### Problem requirements
Return the whole listing exactly, omitting the pictures.

### Data block
------------------------------------------------------------------------

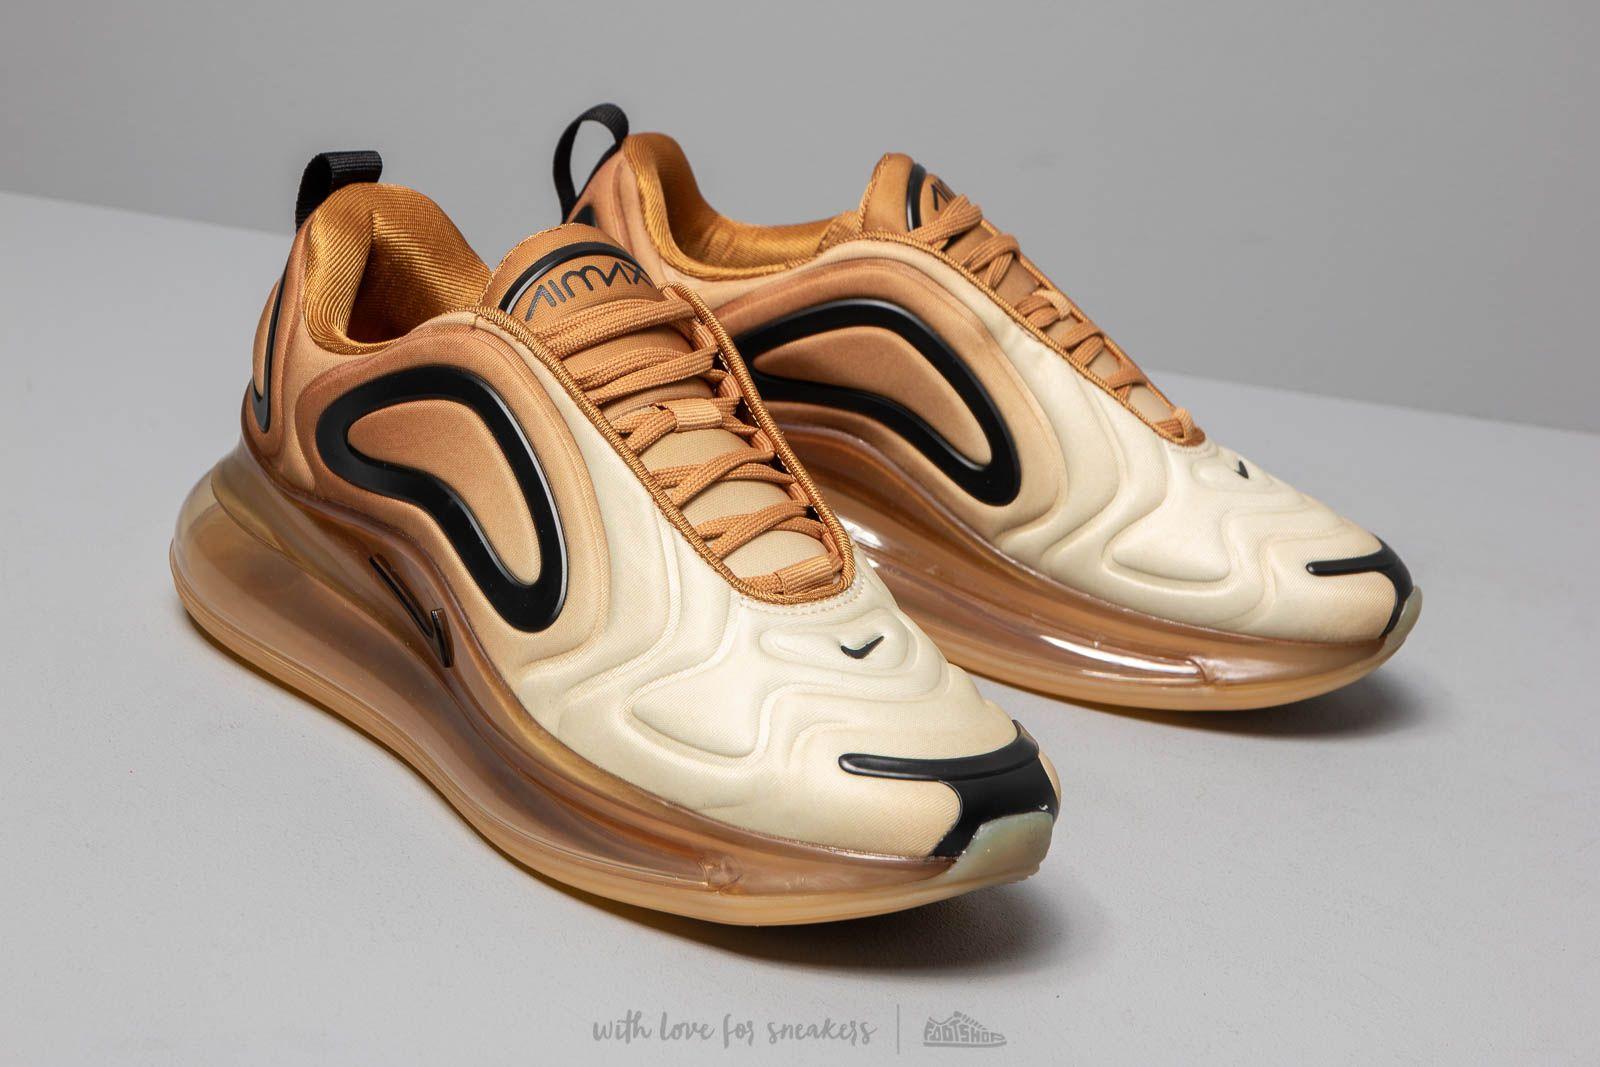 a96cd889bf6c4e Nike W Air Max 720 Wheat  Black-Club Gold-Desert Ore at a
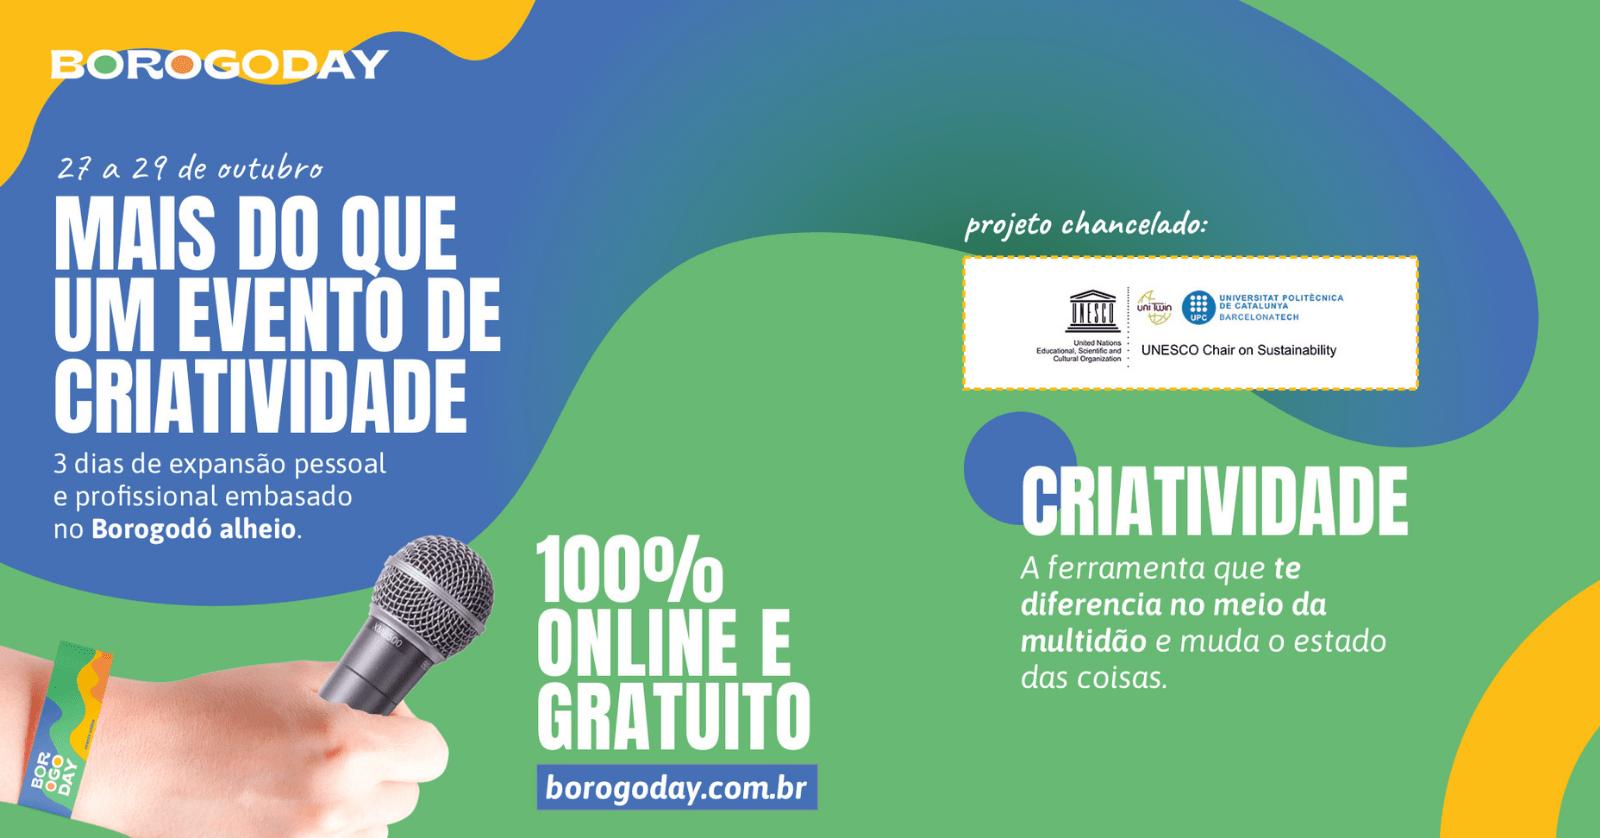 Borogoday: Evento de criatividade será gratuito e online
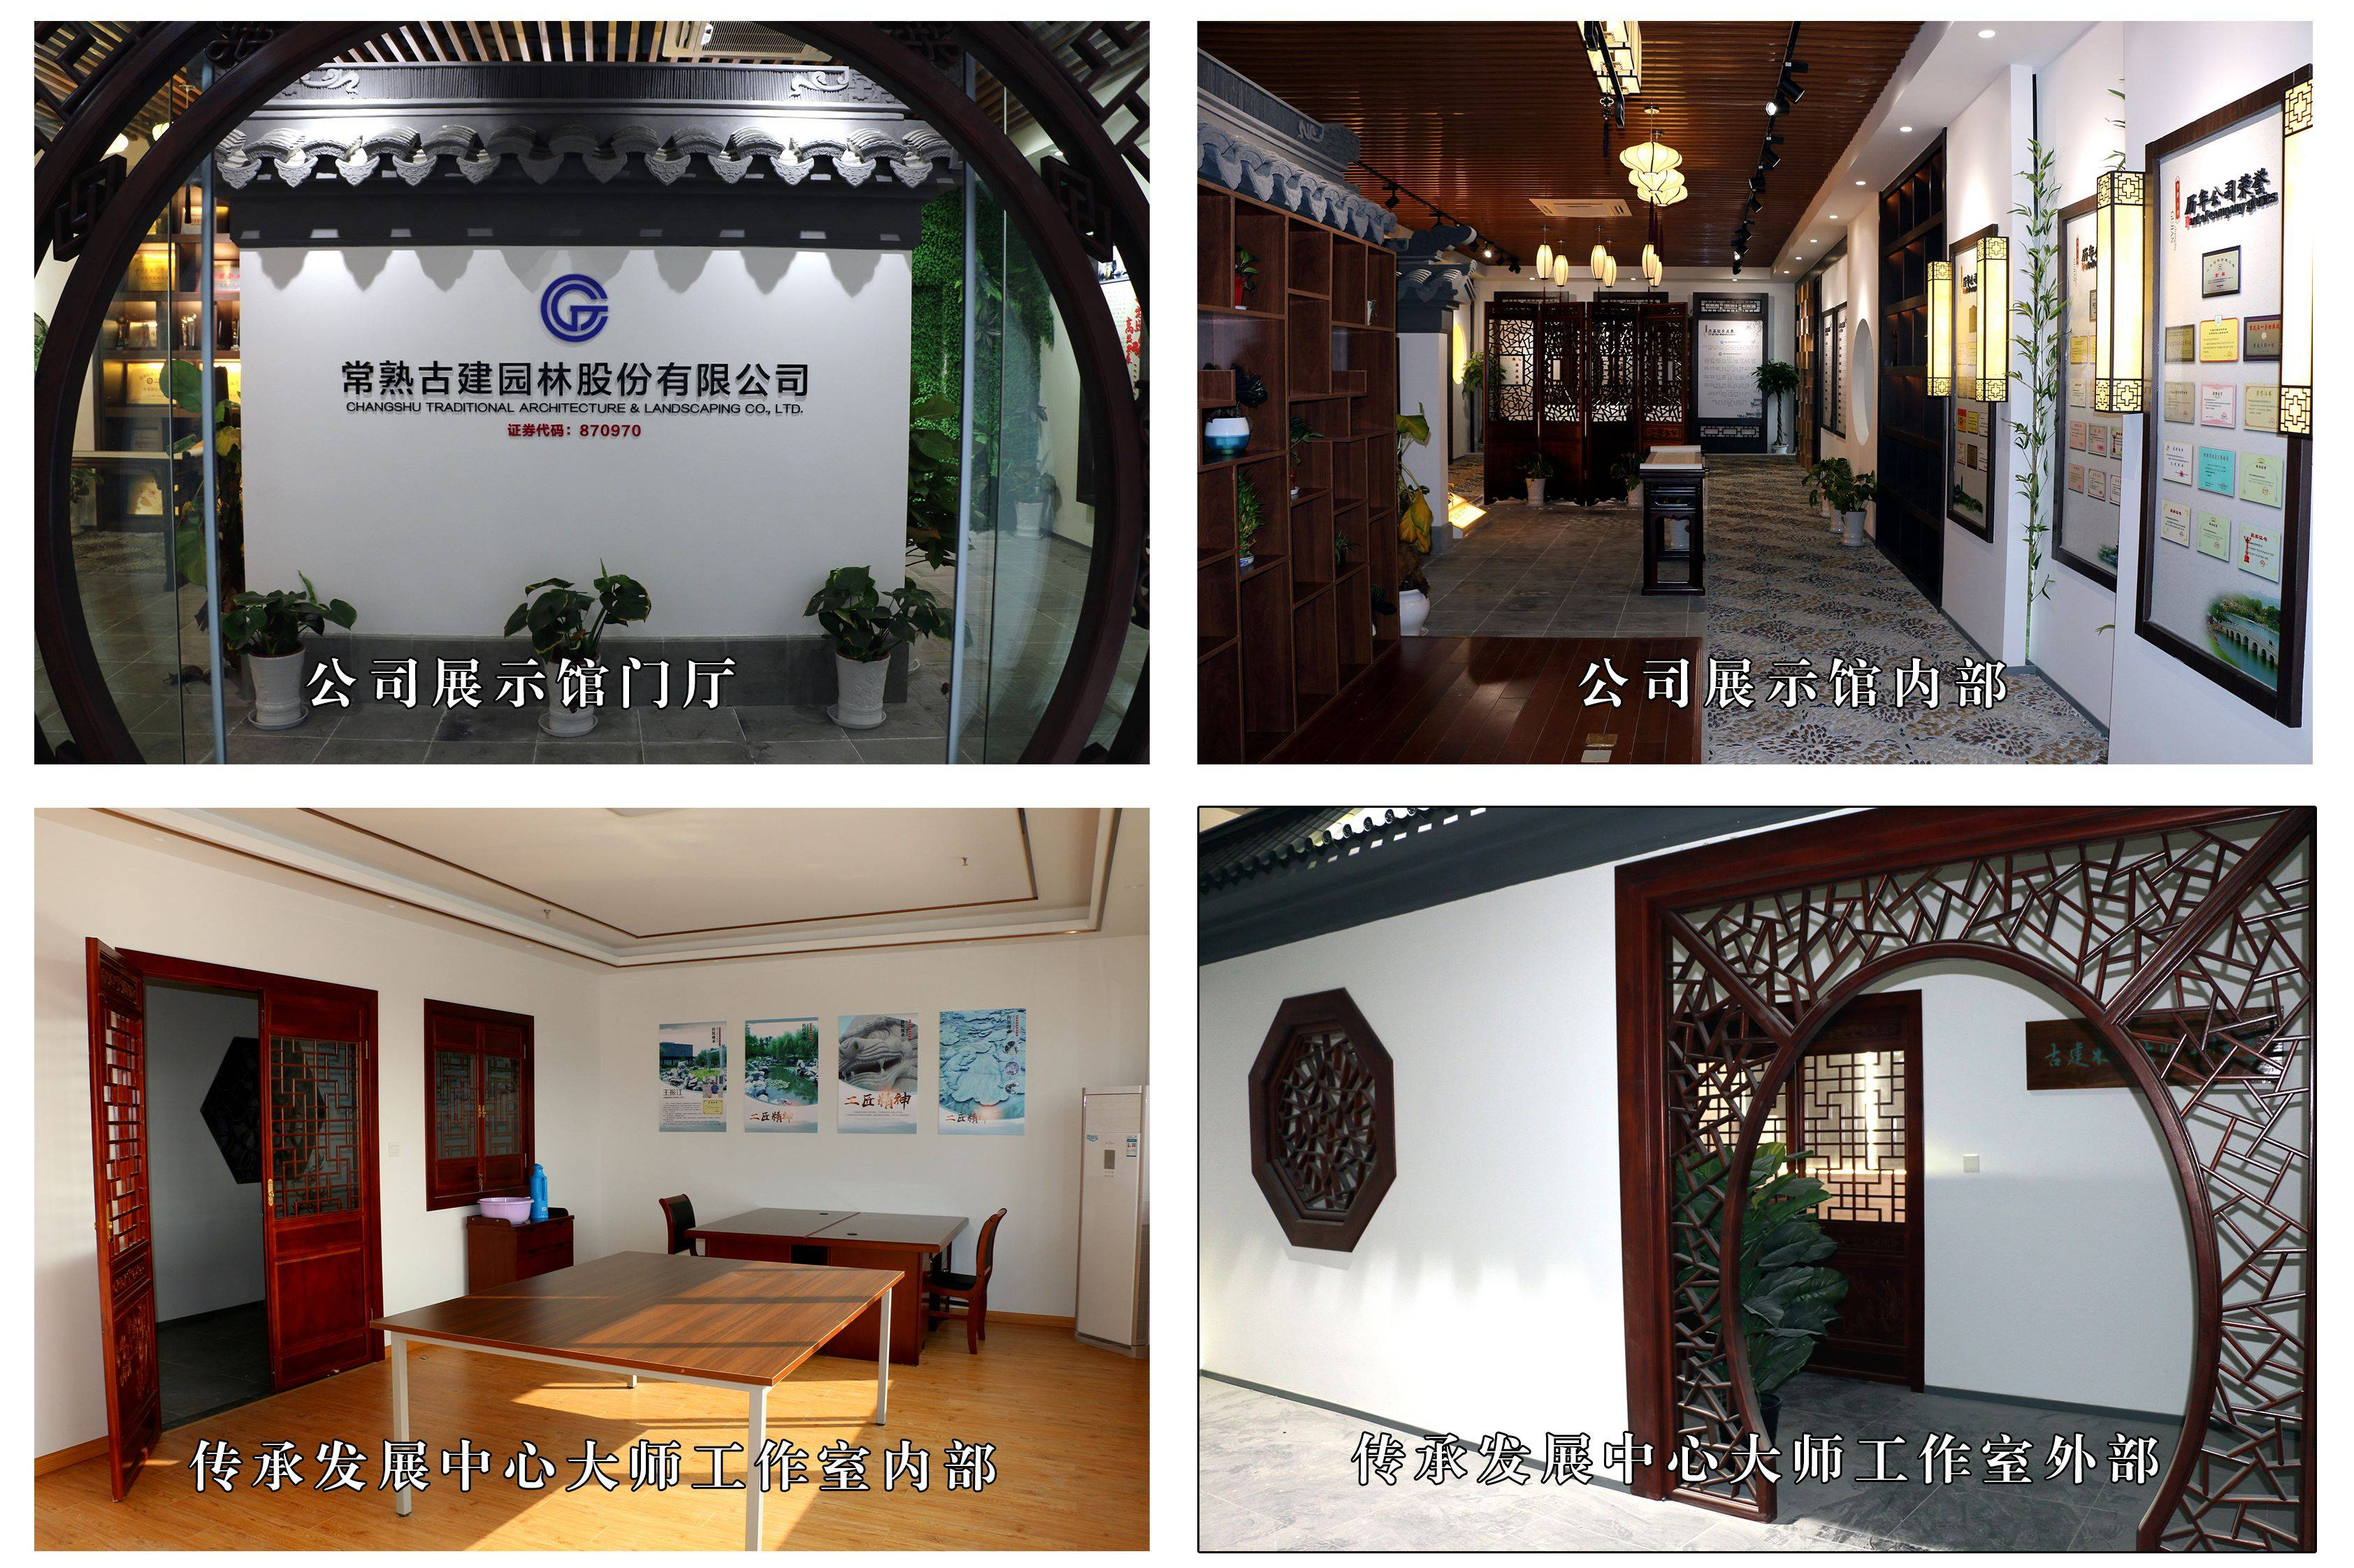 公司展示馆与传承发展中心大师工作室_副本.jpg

------------------------------------------------------------------------

### Solution to this task
 a96cd889bf6c4e Nike W Air Max 720 Wheat  Black-Club Gold-Desert Ore at a
 Borogoday: Evento de criatividade será gratuito e online
 公司展示馆与传承发展中心大师工作室_副本.jpg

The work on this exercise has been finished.